We got some fantastic gifts of jailbreaks about the holiday so naturally I get very excited and dove right in so I can start getting back into research for iOS 10.3+ and iOS 11. The first step in this research is getting physical access to the device and capturing data. For some background please refer to my previous article on this: iOS Imaging on the Cheap!
This article will include the jailbreaks for iOS 10.3.3 using Meridian and iOS 11 using LiberiOS. My go to for all jailbreaks is The iPhone Wiki. Always, always, always make sure you go to the legitimate jailbreak host to ensure non-compromised jailbreak software. These two jailbreaks are semi-tethered jailbreaks meaning they return the devices to non-jailbreak status when the devices are rebooted. Begge disse jailbreaks er apps som kører på telefonen, så du vil være nødt til at downloade en IPA-fil og installere dem via Cydia Impactor.
- Download IPA
- Plug in the device
- Drag & Drop on Cydia Impactor
- Input Apple ID email
- Install will do its thing, depending on your developer status, you may need to trust the app developer in Settings.
Let's start with an iPad Mini on iOS 1
If all goes well.
If all goes not as well as hoped.
Next step is to SSH into the device. This was also a bit frustrating – part of it because I did not read the FAQ and part because the SSH software installed on the device is not very stable.
First off the SSH port used on 2222, not the normal 22 iproxy 2222 4242 (or some other port number) instead of 'iproxy 22 2222'.
Second is the SSH software used, dropbear. I had serious issues attempting to SSH into this device. Sometimes it worked, sometimes it refused the connection. Just keep trying is my solution – it will eventually work.
Finally, once you are sure to change the passwords for the 'root' and 'mobile' accounts by using the command 'passwd root' and 'passwd mobile' (see the screen shot below in the next section).
To image the device you can use a modified version of the command that I used in my previous blog article
ssh -p 4242 firstname.lastname@example.org '/ meridian / bins / tar -cf - /'> ios_physical_logical_dump.tar
This jailbreak (as well as LiberiOS) are installing their own set of binaries which include some normal Unix utilities not installed on iOS. The tar command is in a different directory than what is normally used therefore it may not work to just use 'tar', instead point it to the one Meridian put on the device.

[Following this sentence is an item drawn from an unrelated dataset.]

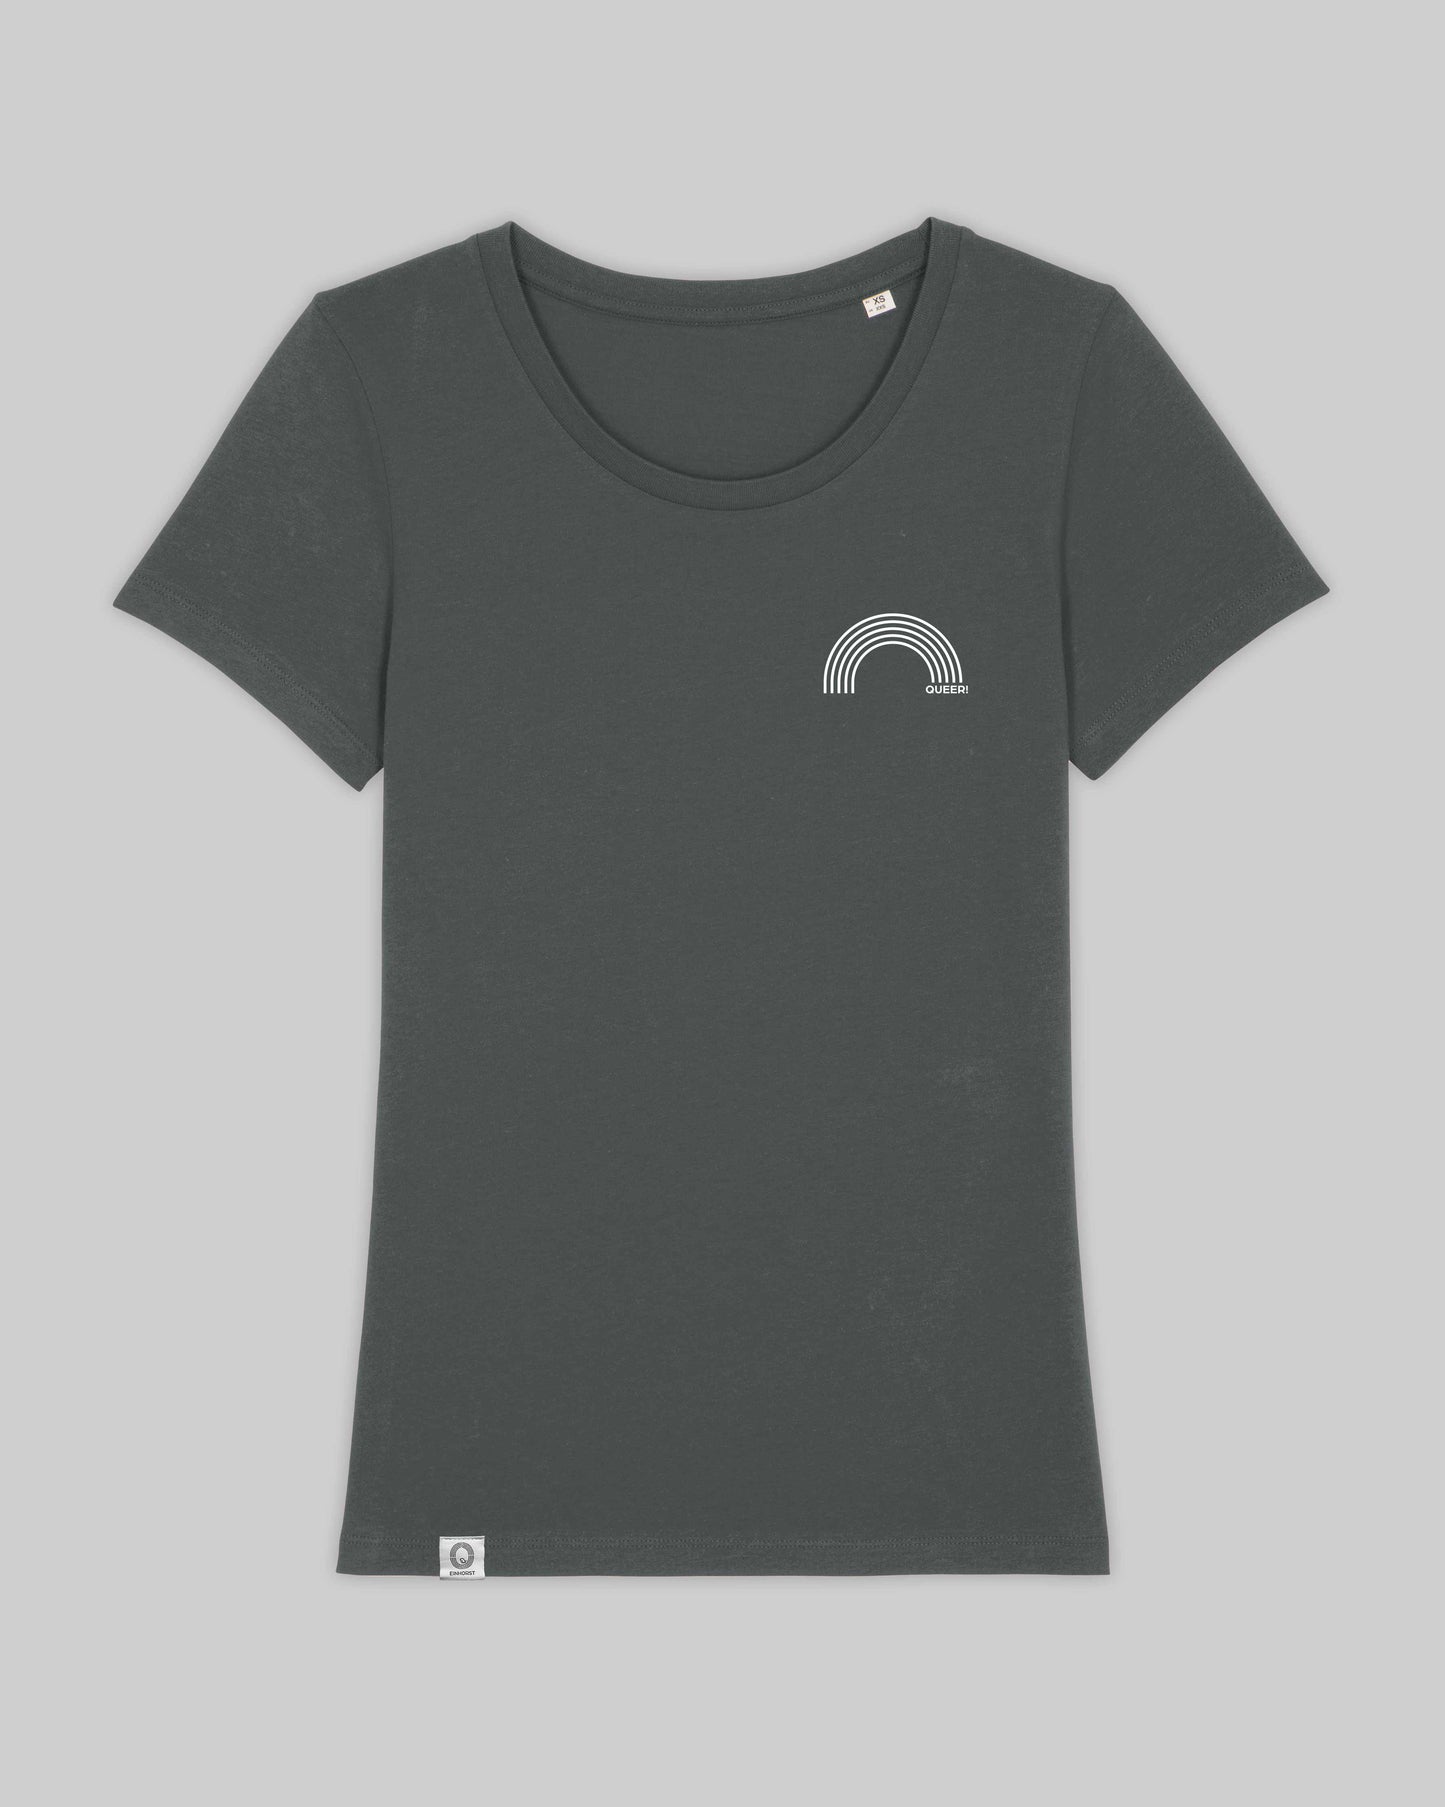 EINHORST® Organic Shirt tailliert in "Anthracite" mit dem Motiv "queer Regenbogen" in der Kombination weißer Regenbogen mit weißer Schrift, Bild von Shirt von vorne

Another item you may have noticed that has changed with Det kommandoen ovenfor er at jeg gjør en fysisk logisk overtagelse av hele anlegget ved bruk av hovedkatalogen eller '/'. Tidligere ville jeg fange systemet partition som en fuld dd image ved hjælp af / dev / disk0s1s1, men noget med disse nyere operativsystemer begrænser min adgang til det. Best guess at this point is that it's an APFS thing ¯ _ (ツ) _ / ¯. Shown below does a simple 'xxd' to view the partition is not allowed as root, this also goes for 'dd' and other utilities.
While this makes me a bit sad, I can still grab a logical copy of the files On the system and data partitions in one shot by using the command above. I've had some issues with the take command exiting and eventually just had to assume. I had all the files just on the size of the bundle so keep an eye on it.
Next up is an iPhone on iOS 11.1.2 using Liberio. Installation was just like Meridian – quick, easy, and flawfless.
During Jailbreak (the color of the 'Jailbreak' changes slightly)
If all goes well.
This jailbreak was less quirky. As with the other jailbreak you should change the password for the 'root' and 'mobile' account immediately. This jailbreak provides the following instructions when first SSH'ed into. I highly recommend running the export command shown below.
I was able to run the same command to procure a 'physical logical' acquisition of the device with a slight change because of where LiberiOS puts the tar utility. Één gang kan du få et par fejl på grund af at filerne bliver ignorert eller ikke tillatt å være fanget ved 'tar'. This is normal.
ssh -p 4242 email@example.com '/ jb / usr / bin / tar -cf - /'> ios_physical_logical_dump.tar
Enjoy the new jailbreaks and your forensic research and acquisitions may be fruitful ! I would also like to give a big THANK YOU to everyone who worked and contributed to these jailbreaks – they really do help with forensic research!